リユース市場の成長とともに宅配買い取りサービス業者が増えている。利便性の高さが売りだが、利用者を食い物にする悪質業者も存在する。期待の新市場を成長させるには、一刻も早い業界の浄化が欠かせない。
大阪府に住む40代の村野氏(仮名)は昨年末、インターネットで見つけたサイトで、不要になった中古本100冊ほどを買い取りに出した。利用したのは宅配買い取りサービス。「売りたいスマホやブランド品、書籍などを箱に詰めて申し込めば、自宅まで宅配業者が取りに来てくれる。後は査定結果の連絡を待ち、提示された金額に納得がいけば、そのまま銀行口座に振り込んでもらう仕組み」──。少なくとも村野氏はそう理解していた。

勝手に振り込まれた800円
サイトに掲載されている情報だと5000円にはなりそうだった。「4000円台の買い取り価格を提示されたら手を打つか」。そう考えて待っていたが、業者からは1週間たっても2週間たっても連絡がない。気になって、契約が成立した際の振込先として指定した銀行口座を確認してみると、業者名で想定よりもはるかに安い800円が既に振り込まれていた。

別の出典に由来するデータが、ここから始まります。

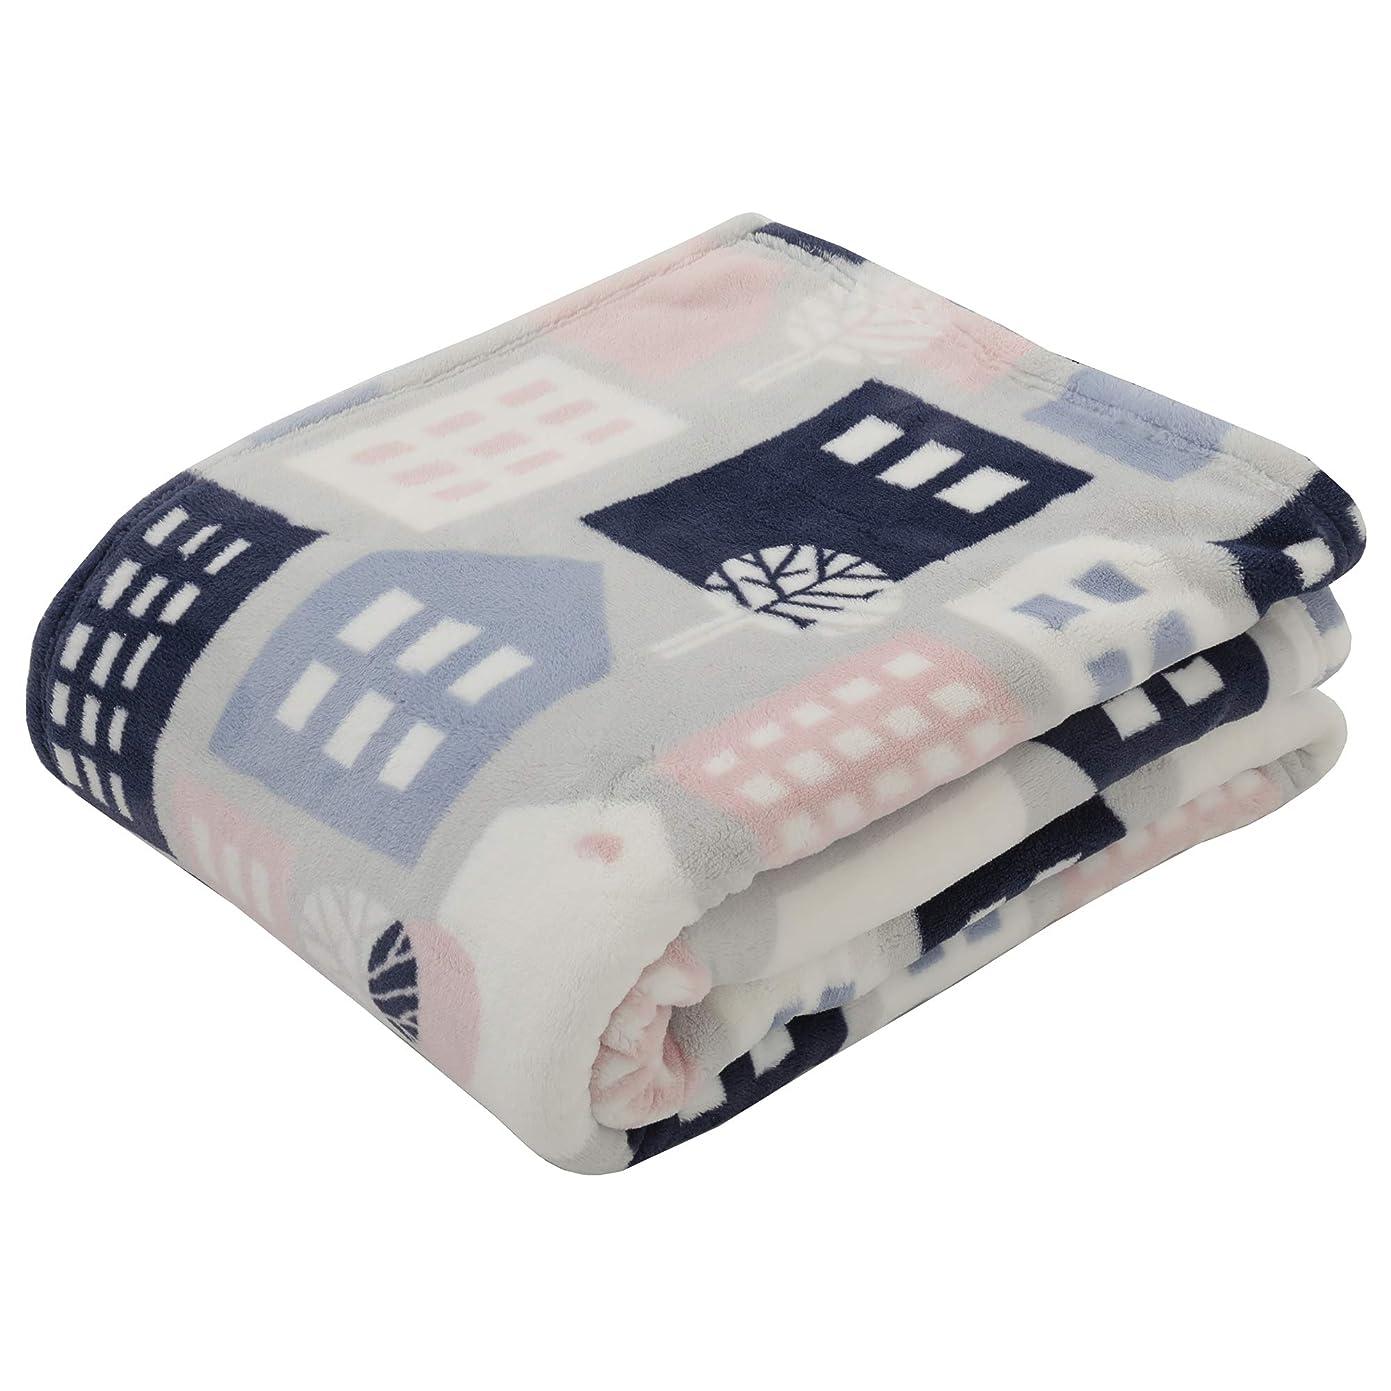 ことわざスパイラル計器東京西川 毛布 ピンク シングル フィンレイソン タロット(街並み)柄 すべすべ 軽量 FQ08505035P
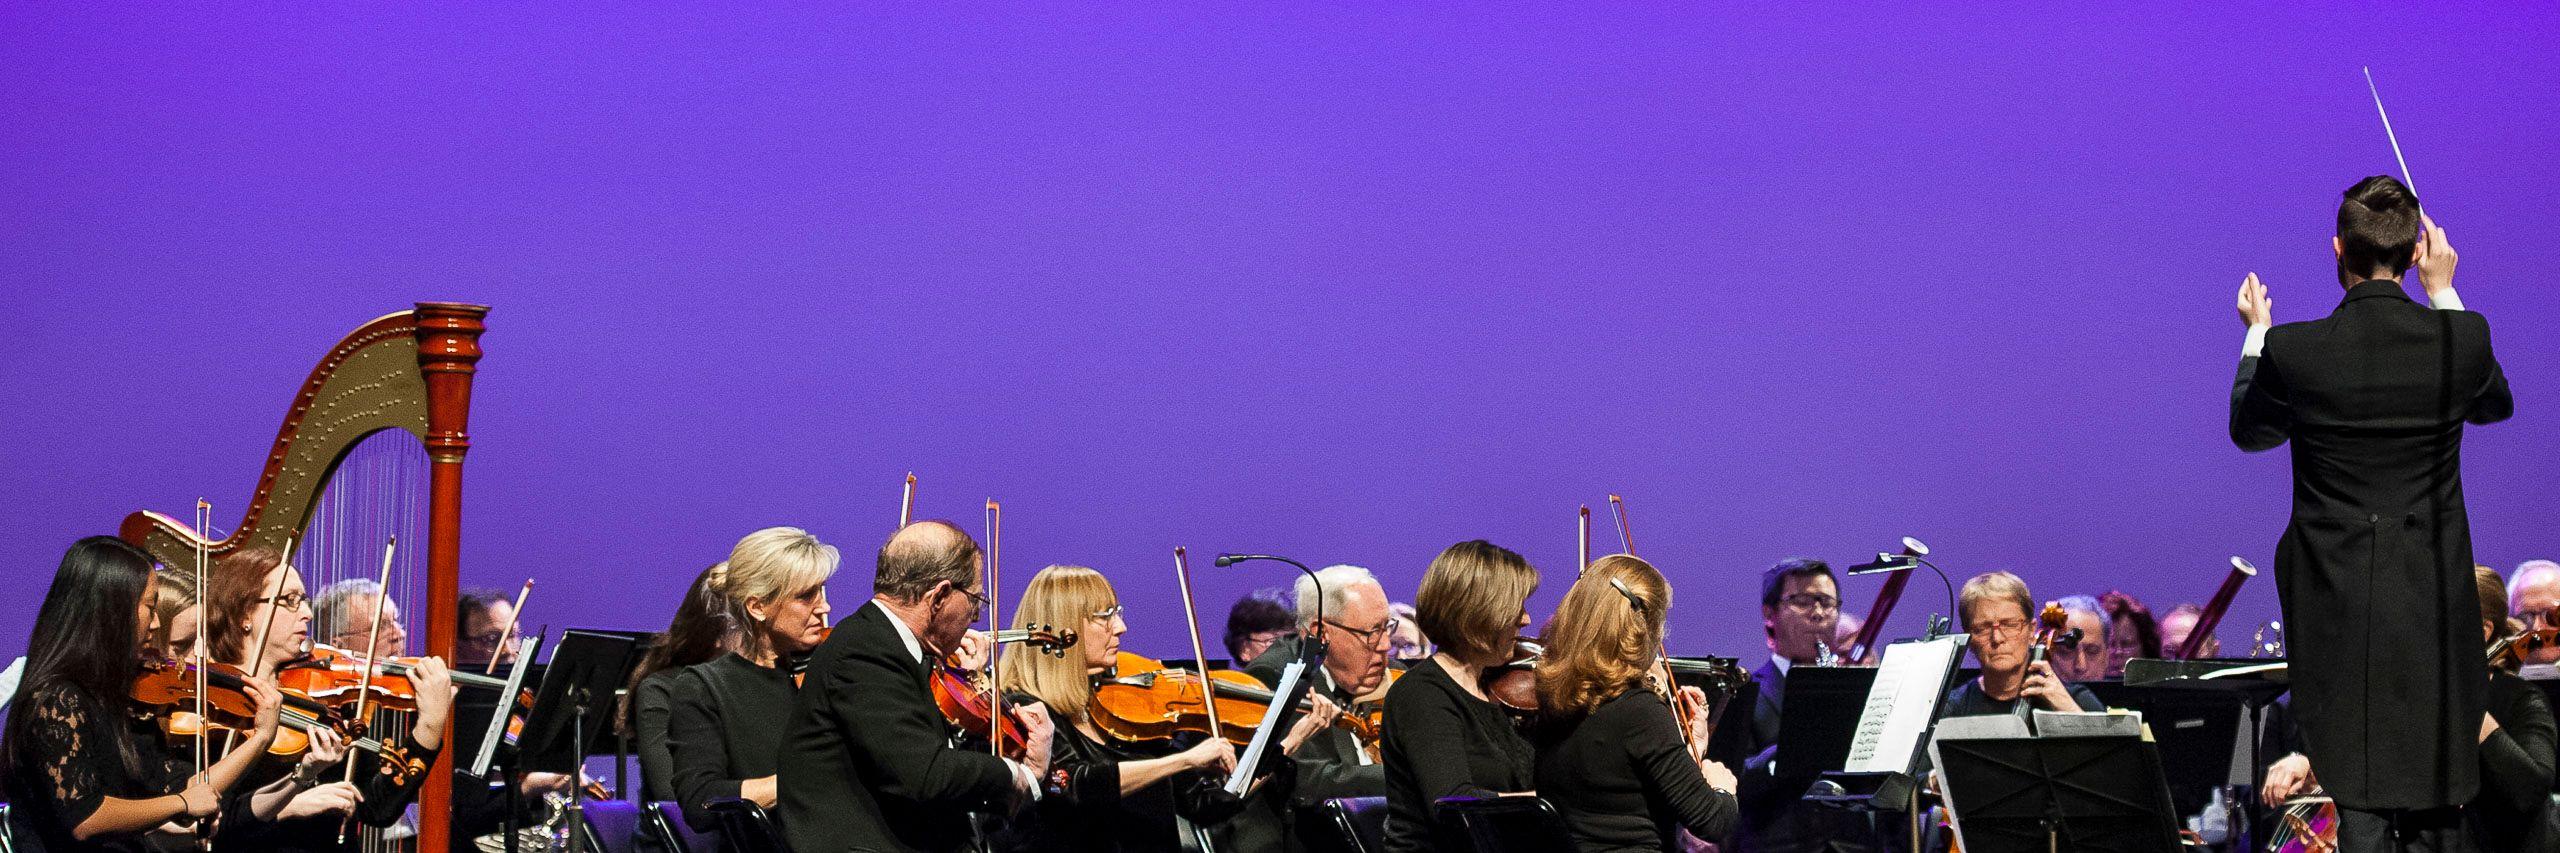 Farmington-Valley-Symphony-Orchestra-67.jpg

納得がいかない村野氏はキャンセルしようとした。ところが業者とのやり取りで、査定額がいくらでも、買い取りに承諾する「自動承認」という条件で申し込んだことが判明。サイトでは自動承認にするためのチェックボックスは極めて目立たない場所に配置されており、事前にチェックが入っていた。
「落ち度は自分にあるかもしれないが、メルマガの受信などならともかく、売買契約の重要な部分で、自分たちの有利な項目にデフォルトでチェックを入れているのはいかがなものか」と村野氏。
六本木法律事務所の吉村健一郎弁護士は、「承認するつもりがないのに承認になっているので、民法95条や電子契約法に基づいて契約を無効にできる可能性はある」と説明する。自動承認について明らかに錯誤するようにサイトが作ってあるか、利用者が自動承認になる確認があったのに見落としたのかどうかで判断が分かれるという。
「店舗に持ち込む手間がない」「対面でのやり取りが不要」──。そんな手軽さが受け、急拡大している宅配買い取りサービス。買い取り価格比較サイト「ヒカカク!」によると、サービス提供事業者は現在3000を超えた。業界の老舗で大手のブックオフコーポレーションもその一つで、2018年の宅配買い取りサービス件数は37万件。ここ数年、年率約10%増で拡大中だ。